_Dataset content_:
# # #
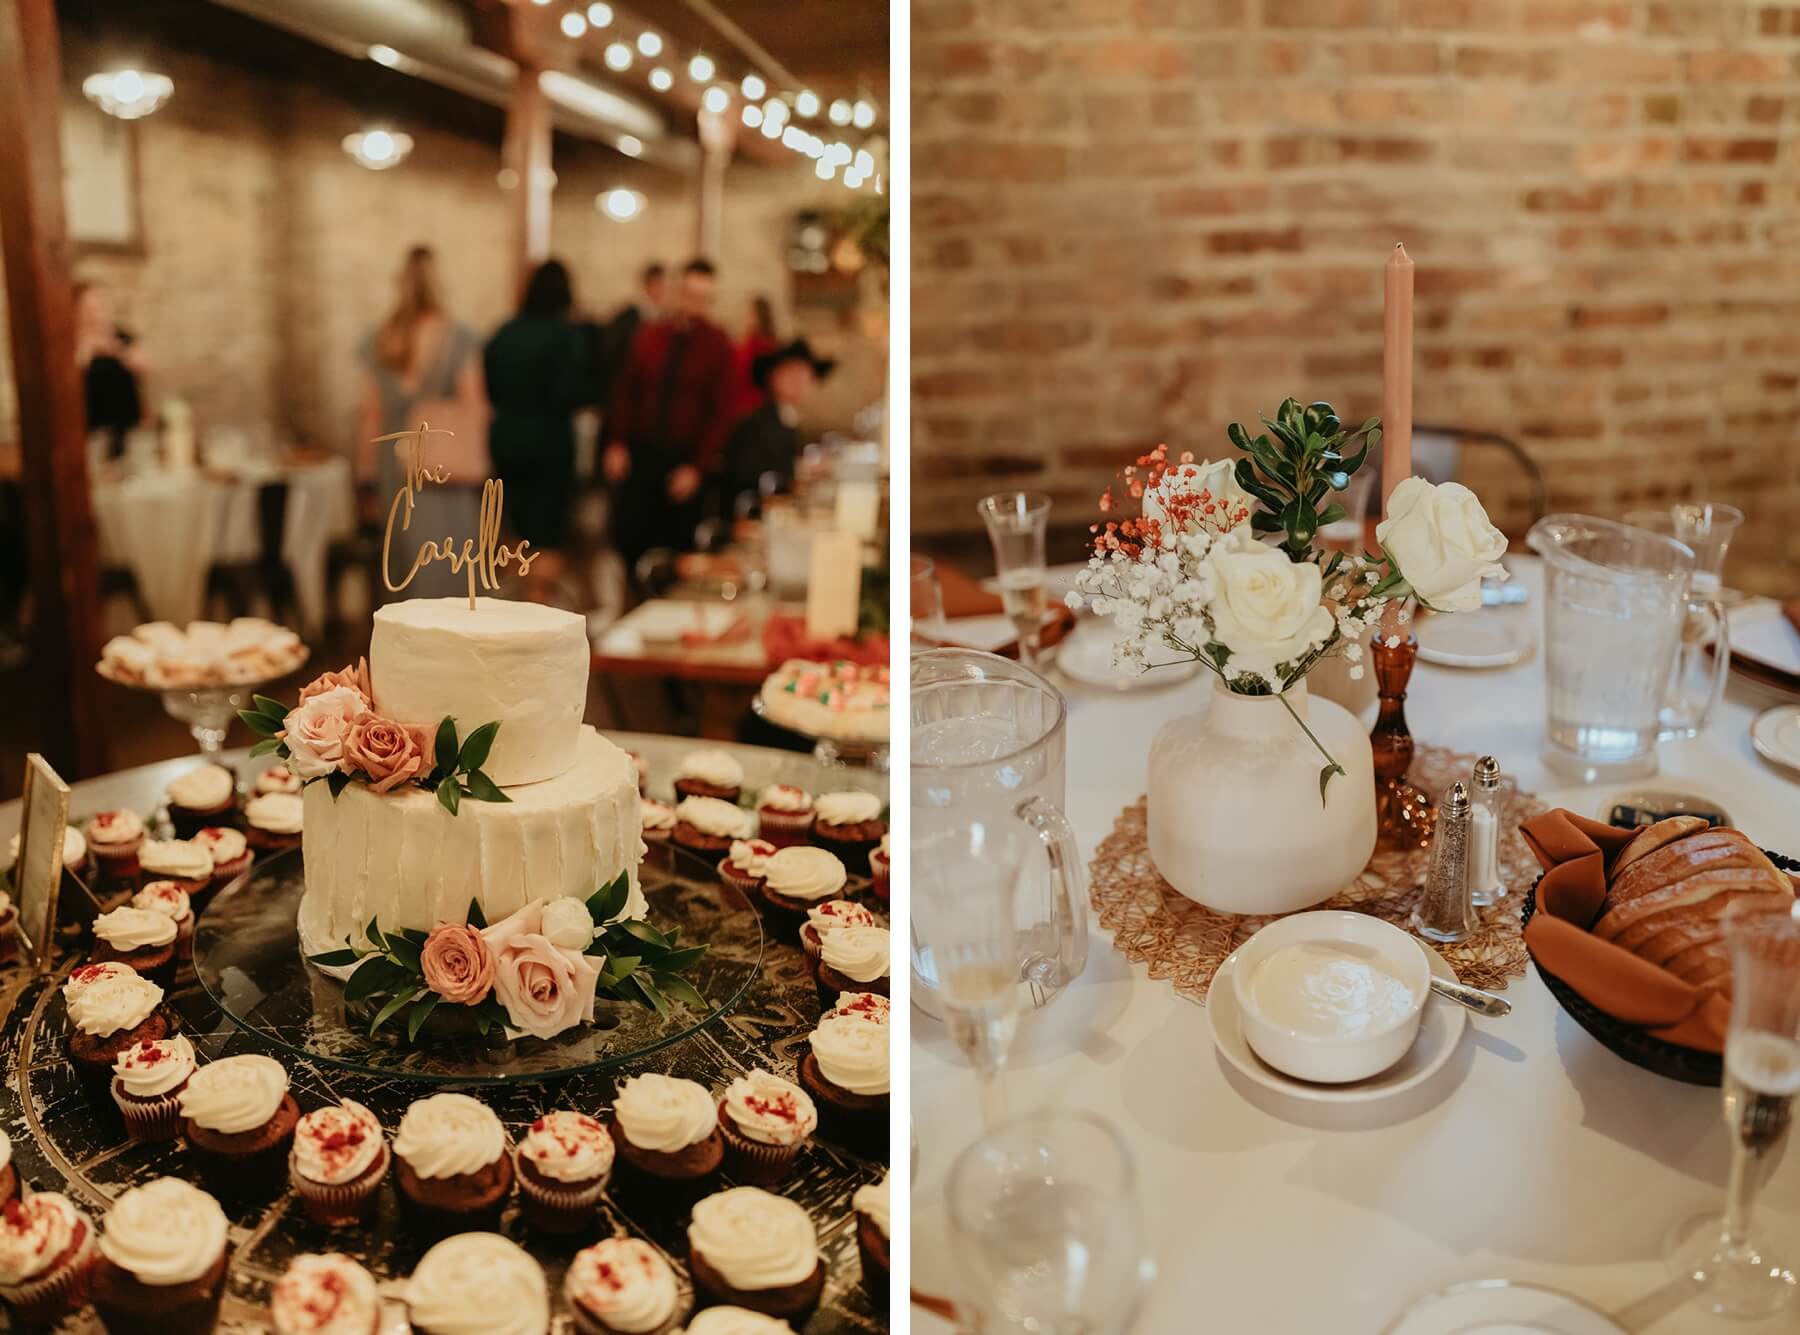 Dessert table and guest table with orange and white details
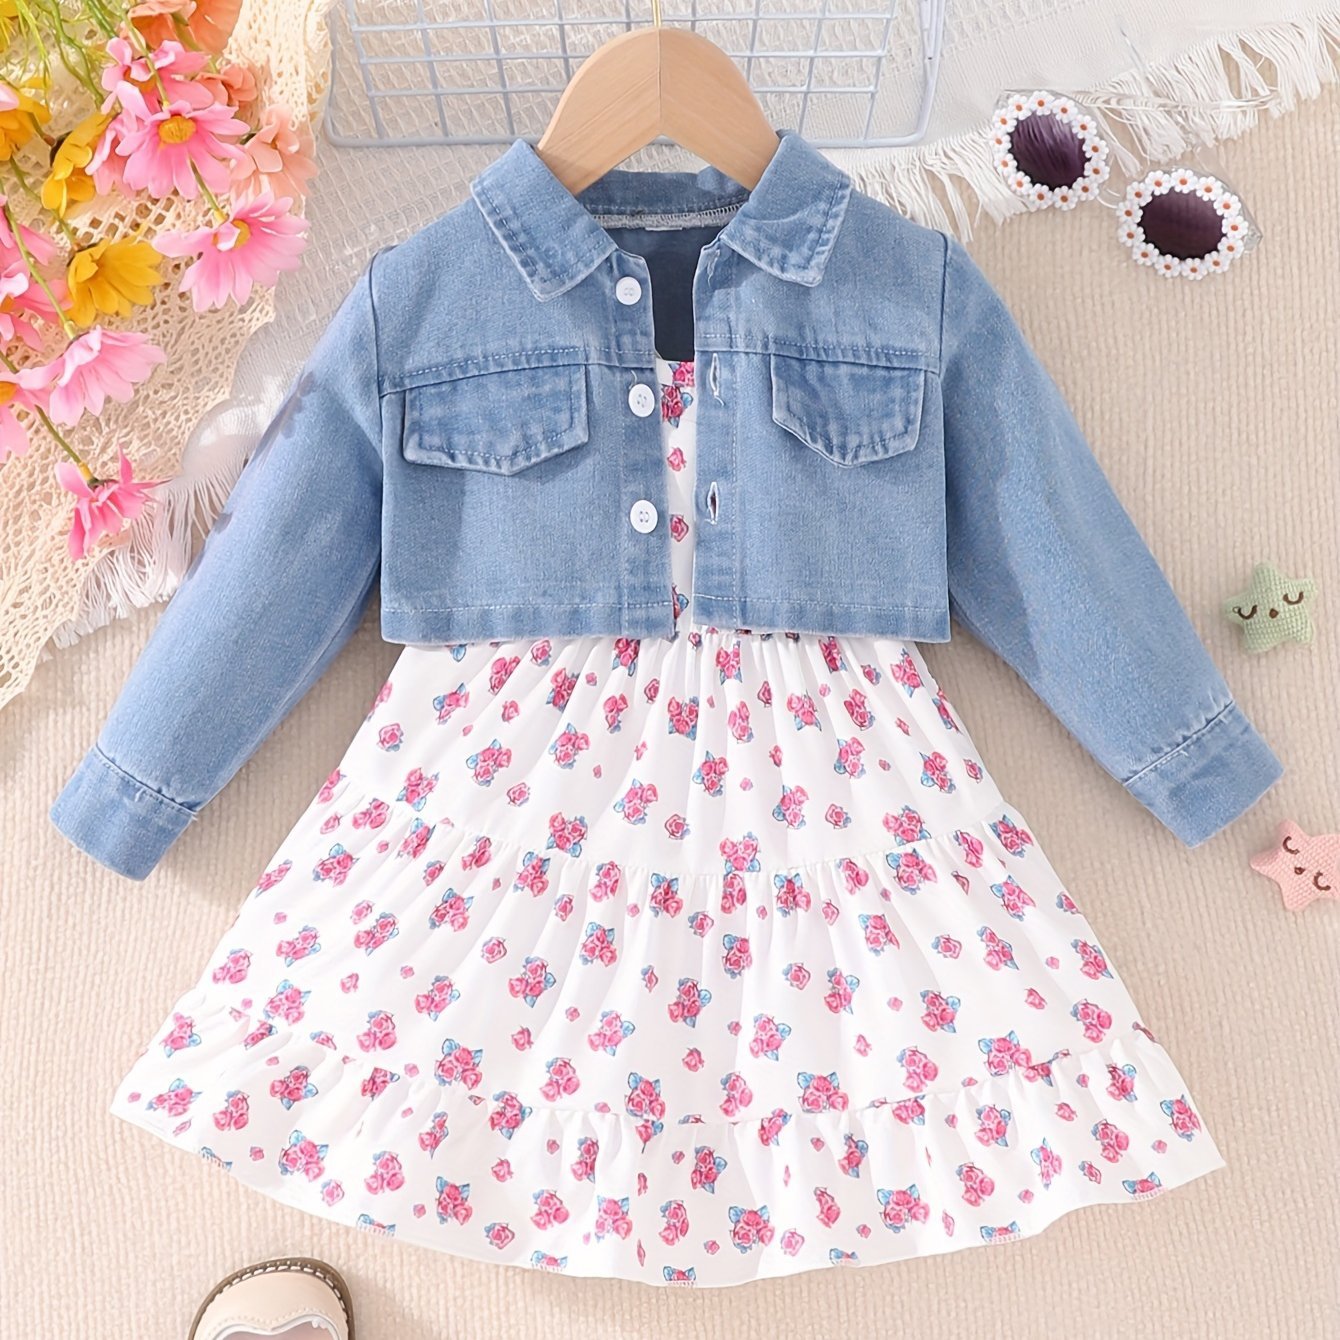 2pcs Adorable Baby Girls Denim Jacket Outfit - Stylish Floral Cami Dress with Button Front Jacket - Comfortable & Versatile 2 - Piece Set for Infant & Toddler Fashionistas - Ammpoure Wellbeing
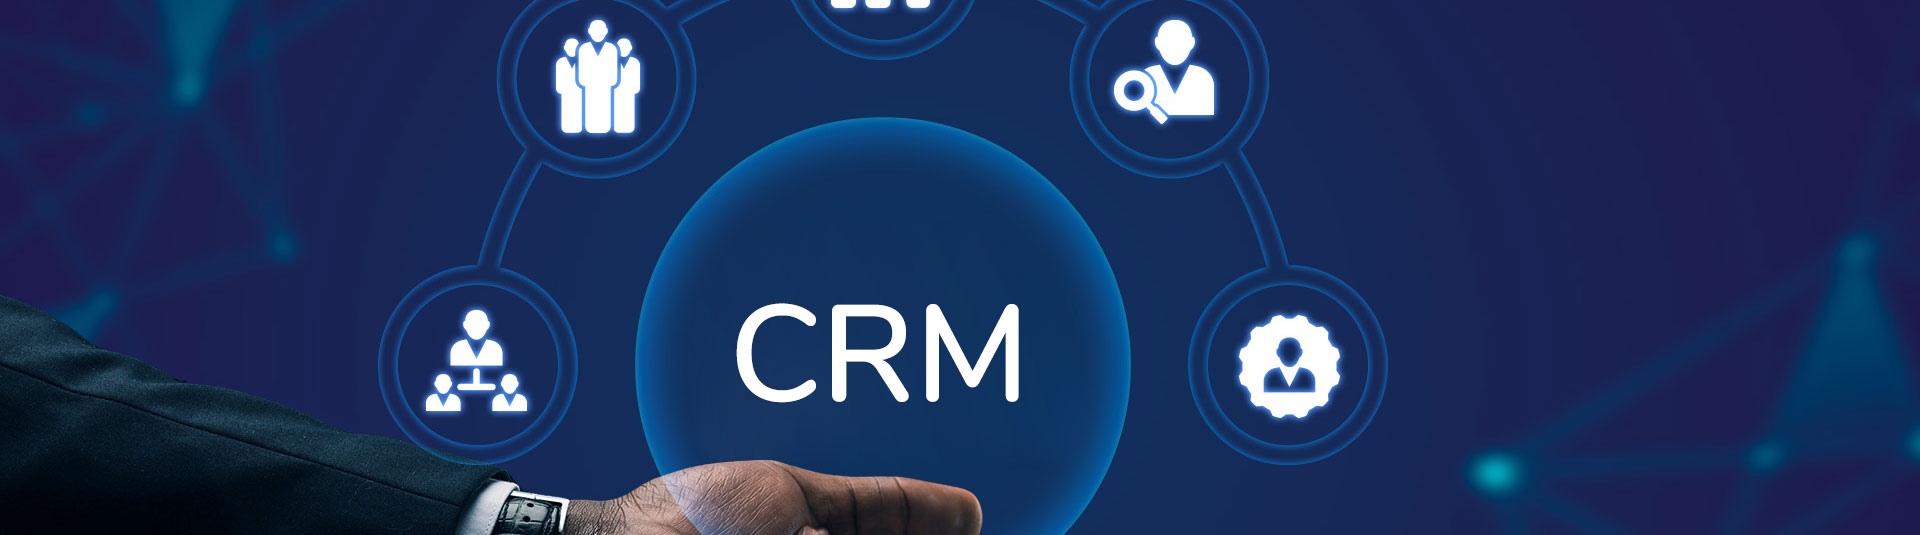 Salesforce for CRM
# # #
_Exercise directions_:
Precisely the lines from the one containing "2pcs Adorable Baby" to the end of the data above, both included, should be printed; leave the pictures out.

_Task result_:
 2pcs Adorable Baby Girls Denim Jacket Outfit - Stylish Floral Cami Dress with Button Front Jacket - Comfortable & Versatile 2 - Piece Set for Infant & Toddler Fashionistas - Ammpoure Wellbeing
 Salesforce for CRM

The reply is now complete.